CAN THE ADMINS OF THIS GROUP DO A BETTER JOB OF MONITORING WHO IS ALLOWED IN HERE PLEASE?!

WE HAVE A NEW MEMBER, AN ELDERLY MAN. HE'S BEEN PRIVATELY MESSAGING MEMBERS, SENDING THEM NAKED PICTURES OF HIMSELF IN NASTY POSES ALONG WITH CLOSE UPS OF HIS JUNK. HE IS OFFERING UP AN IPHONE X IN EXCHANGE FOR SEXUAL FAVORS. I AM ESPECIALLY BOTHERED BECAUSE IT TURNED OUT TO BE AN IPHONE 8 AND OBVIOUSLY SOMETHING'S WRONG WITH IT. IT'S SUPER SLOW AND THE CAPS LOCK IS STUCK ON.

Goriilla in heat

A small zoo in Alabama acquires a rare gorilla, who quickly becomes agitated. The zookeeper determines that the female ape is in heat, but there are no male apes available for mating.

The zookeeper approaches a janitor with a proposition. "Would you be willing to have sex with this gorilla for $500?" he asks.

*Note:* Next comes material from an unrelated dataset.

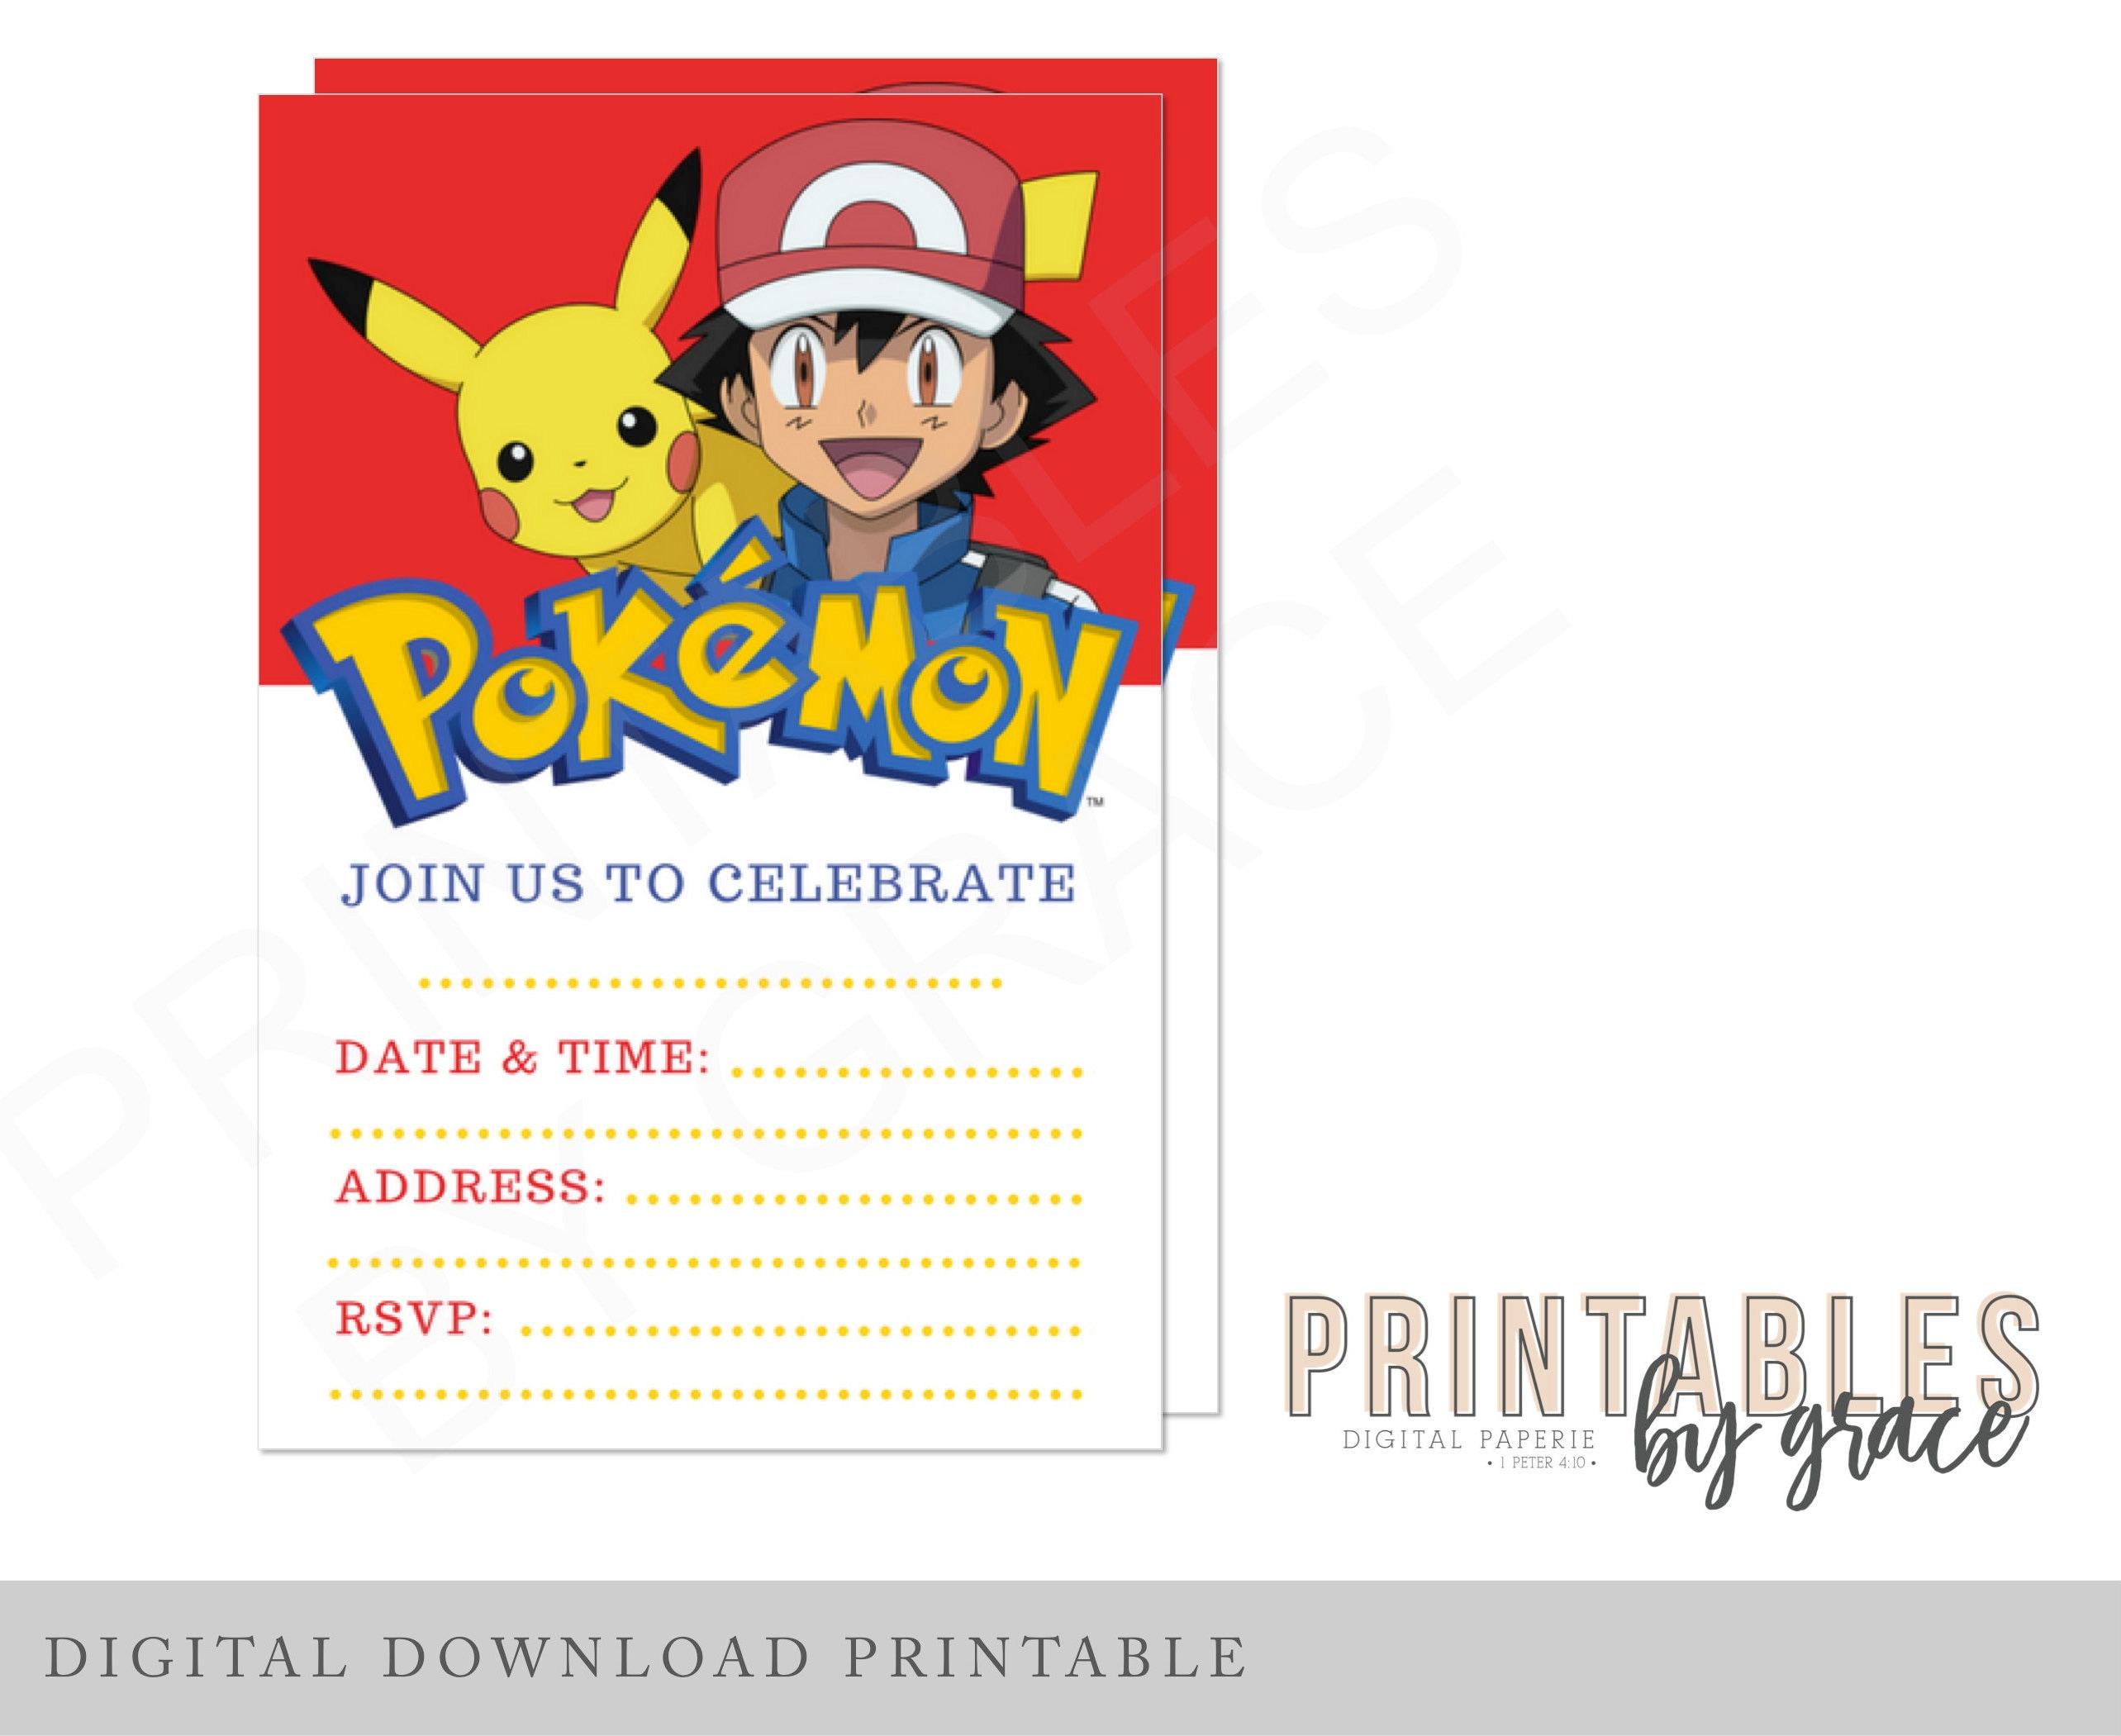 PRINTABLE INVITATION Pokemon Ash Pokeball Pikachu already

The janitor accepts the offer, but only on three conditions: "First, I don't want to have to kiss her. And second, you can never tell anyone about this." The zookeeper agrees to the conditions and asks about the third.

"Well," says the janitor, "I'm gonna need about a week to come up with the $500."

"How much to buy a singing ensemble?"

PRODUCER: You mean a choir?

"Fine, how much to acquire a singing ensemble?"